# Messages in iCloud : dossier qui grossit, grossit...



## cedric_cph (8 Août 2018)

Bonjour à tous,

J'aurais une question aux utilisateurs de la synchro Messages avec iCloud. Mon problème, le dossier Messages dans iCloud ' pèse ' 845 MB alors qu'il ne contient aucune conversation. J'ai activé la synchro sur chaque appareil (iPhone, iPad, MBAir et iMac), tout le monde sur secteur et wifi et je laisse tourner... Rien ne descend du nuage. La synchro en elle-même semble fonctionner puisque lorsque je reçois un nouveau message, il apparait sur chaque appareil et si je choisis de supprimer la conversation, elle disparait instantanément sur chaque appareil également.
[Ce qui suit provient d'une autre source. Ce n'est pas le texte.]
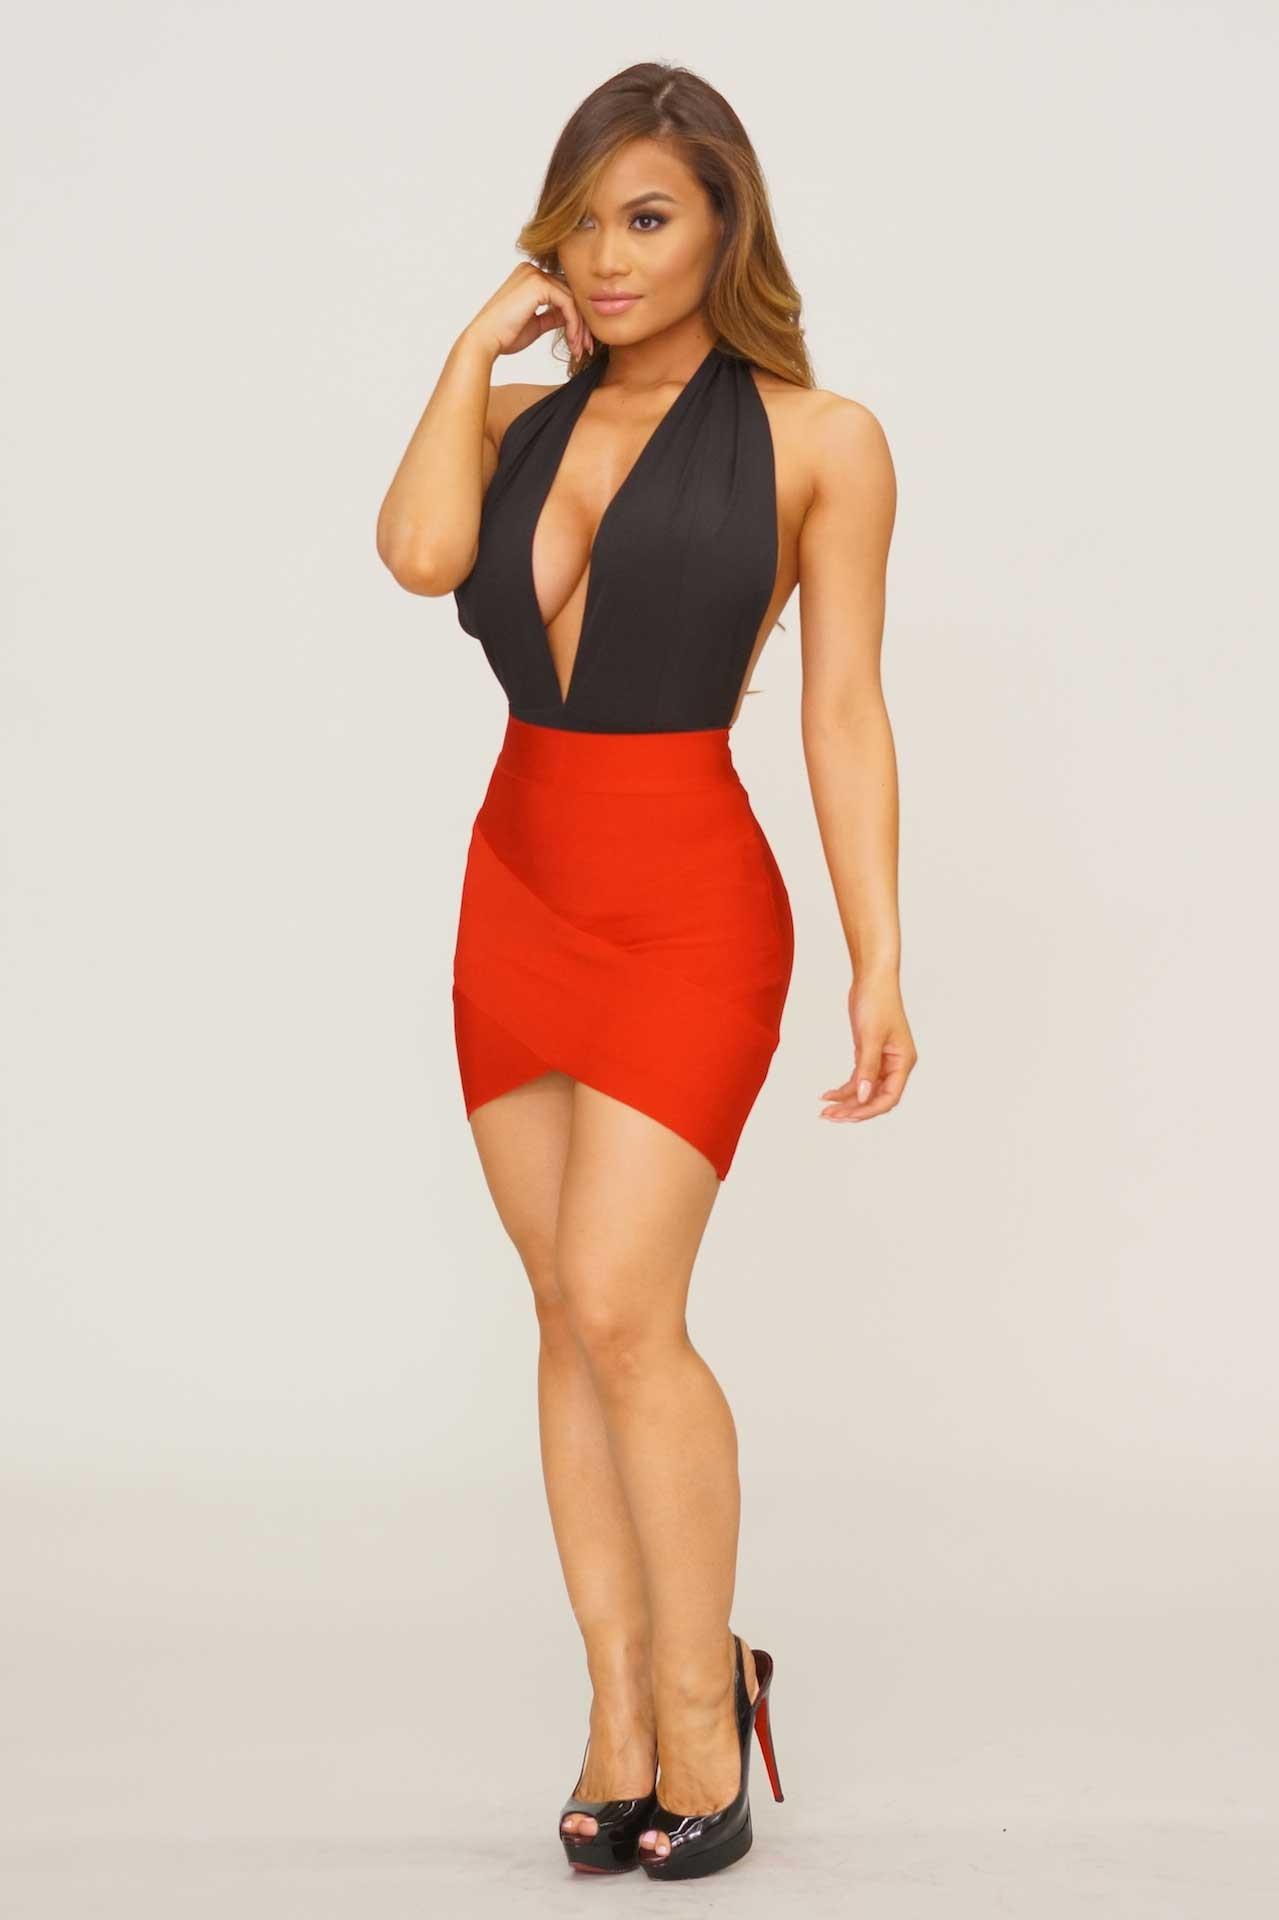 bandage skirts arched up bandage skirt - red TQQCXGQ
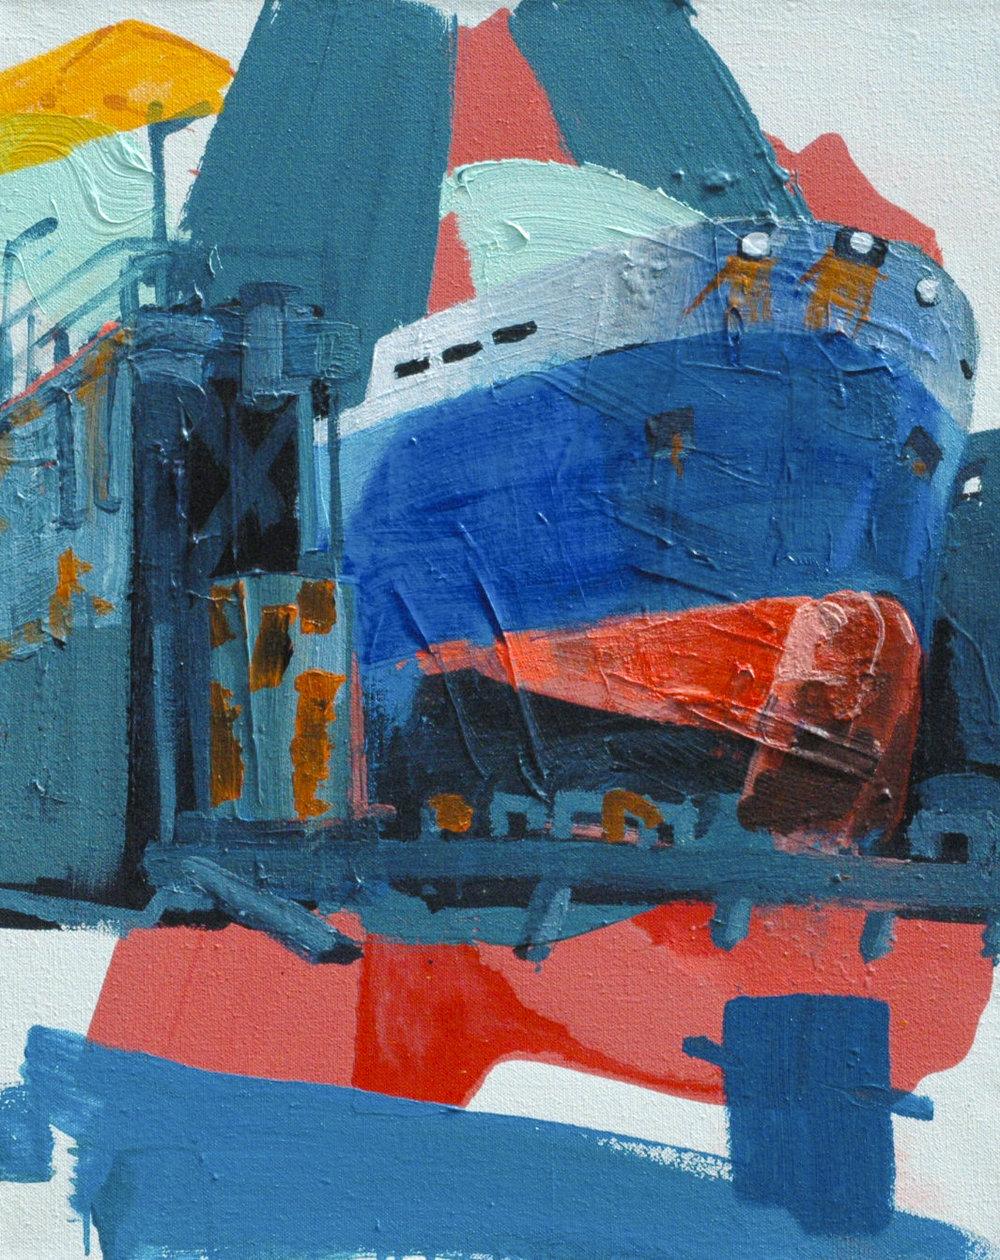 Rotterdam Drydock #2_80 x 65 cm_Acrylicpaint emulsion on Canvas_Hagens2015-2.jpg

Il y a moyen de supprimer ce gros dossier ? Autrement qu'en coupant le service et devoir attendre 30 jours ?

Merci à vous,


----------



## Giorgio82 (15 Août 2018)

Étrange... peut être qu’il faut 30 jours pour que les messages ce supprime ?


----------



## cedric_cph (19 Août 2018)

Je vais partir sur l'idée qu'il faut attendre 30 jours puis faire un essai ensuite... Un peu comme avec la bibliothèque Photos dans le nuage...


----------



## Membre supprimé 1138547 (20 Août 2018)

Bonsoir, 
Tu devrais pouvoir forcer l’effacement sur iCloud.com de la même façon qu’avec photos


----------



## cedric_cph (14 Septembre 2018)

Update ;-) Bon, plus de 30 jours sont passés et quoi de neuf ? 
1. J'ai tenté Apple Support via Twitter : rapidement, rendez-vous pour assistance via téléphone et screen sharing... Quelques manips' et pour réponse finale ' il n'y a aucun iMessage dans votre espace iCloud '. Ok, donc un espace ' vide ' mais qui pèse 900 Mo occupe mon cloud, ok
2. J'ai coupé iMessage dans iCloud et mis un reminder le mois suivant... Je viens d'activer à nouveau iMessage et hop, par magie, tout fonctionne : quelques minutes, le temps que la synchro se lance sur les différents devices (4) et ça y est, fonctionne correctement.

En espérant pour iOS 13 ou plus / macOS 10.14 ou plus un bouton pour supprimer définitivement en un clic avec effet immédiat...


----------